Return the listing verbatim, images left out.

Supplied information
+===+
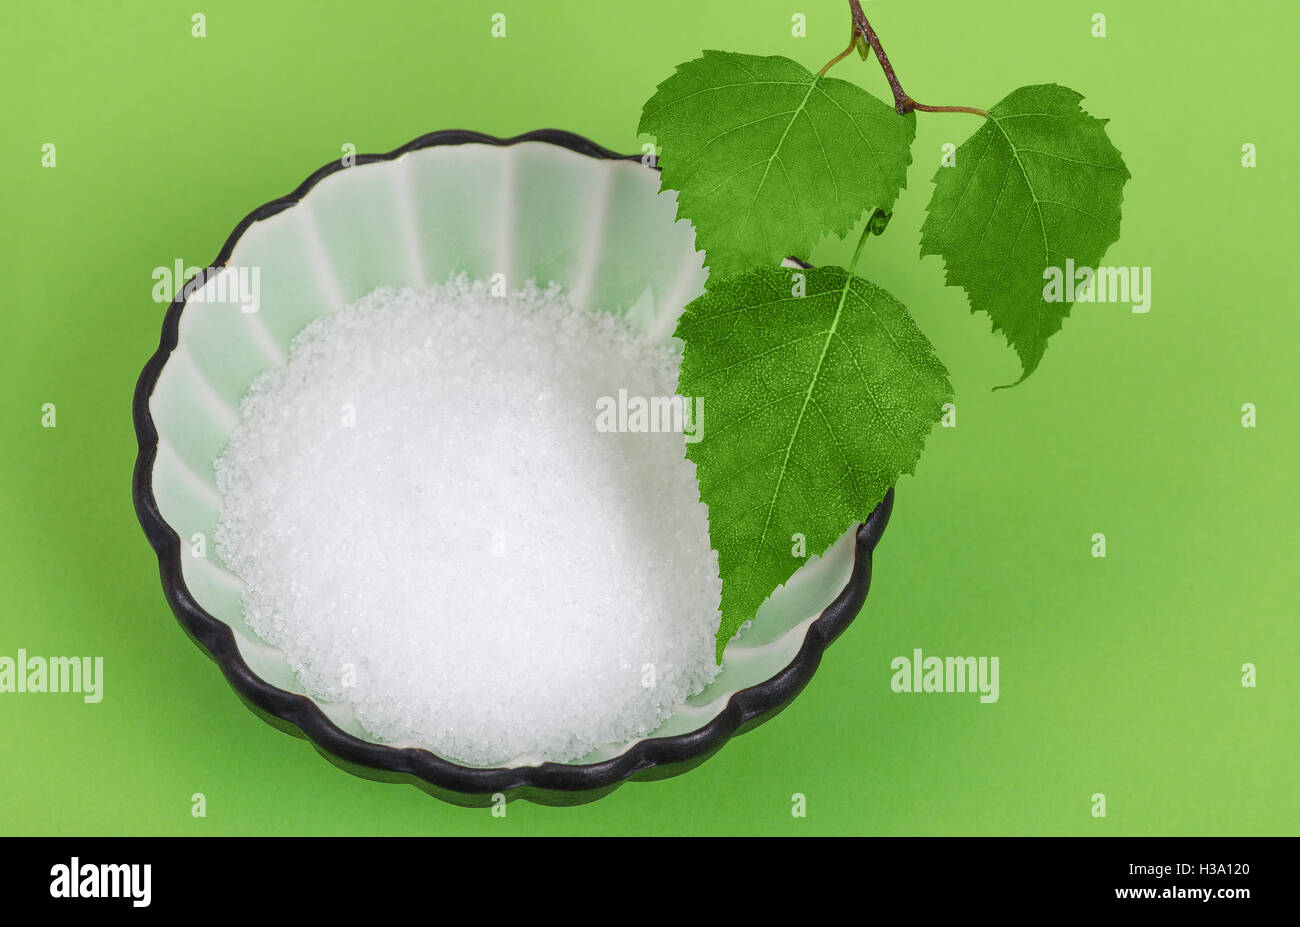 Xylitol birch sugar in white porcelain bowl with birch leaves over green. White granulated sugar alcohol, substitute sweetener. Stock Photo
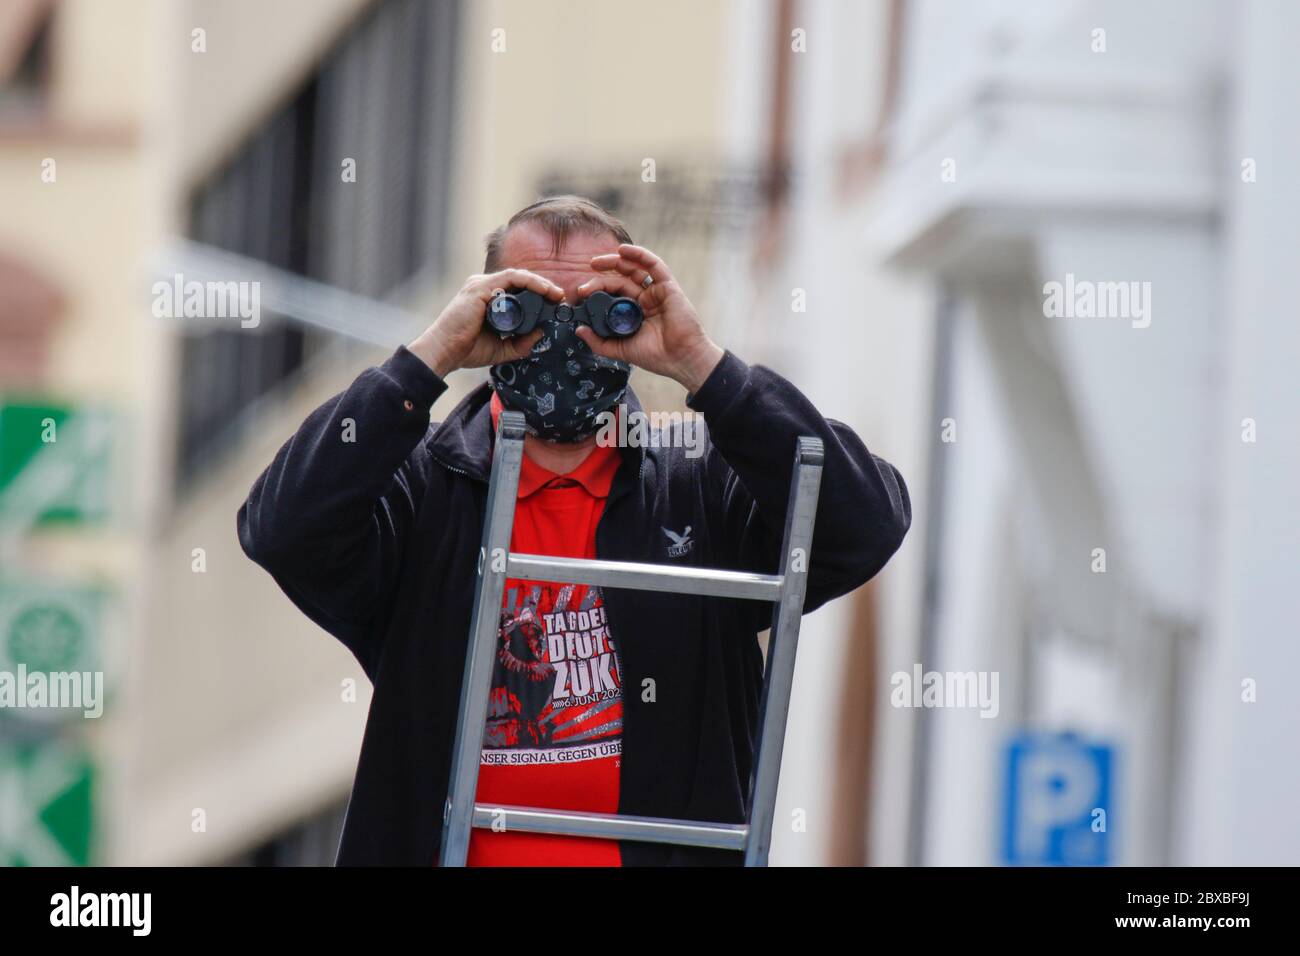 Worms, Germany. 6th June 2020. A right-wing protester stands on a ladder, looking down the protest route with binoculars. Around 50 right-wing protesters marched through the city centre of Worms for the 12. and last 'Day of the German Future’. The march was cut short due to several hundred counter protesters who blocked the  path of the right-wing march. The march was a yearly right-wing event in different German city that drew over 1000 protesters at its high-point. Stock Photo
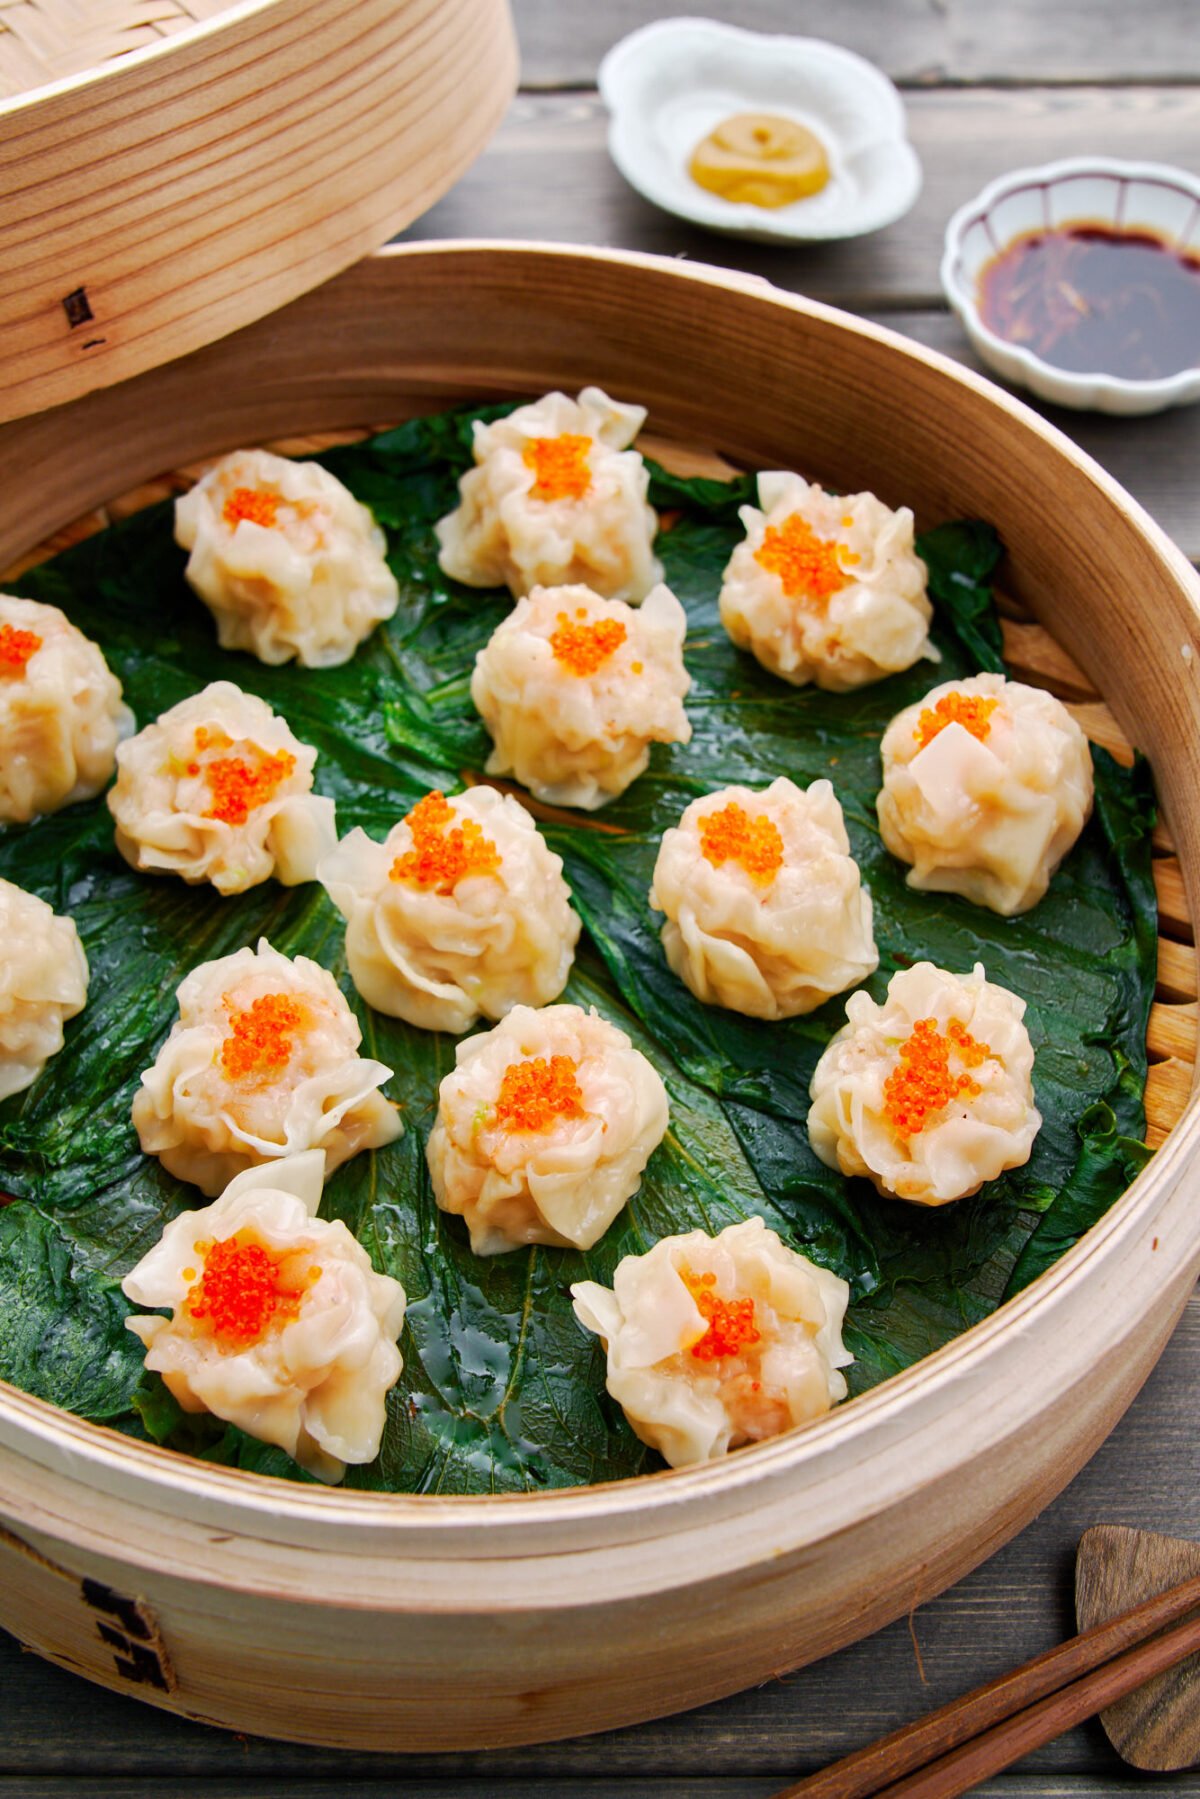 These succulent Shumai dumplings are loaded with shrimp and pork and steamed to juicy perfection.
+===+
Task answer
 Xylitol birch sugar in white porcelain bowl with birch leaves over green. White granulated sugar alcohol, substitute sweetener. Stock Photo
 Worms, Germany. 6th June 2020. A right-wing protester stands on a ladder, looking down the protest route with binoculars. Around 50 right-wing protesters marched through the city centre of Worms for the 12. and last 'Day of the German Future’. The march was cut short due to several hundred counter protesters who blocked the  path of the right-wing march. The march was a yearly right-wing event in different German city that drew over 1000 protesters at its high-point. Stock Photo
 These succulent Shumai dumplings are loaded with shrimp and pork and steamed to juicy perfection.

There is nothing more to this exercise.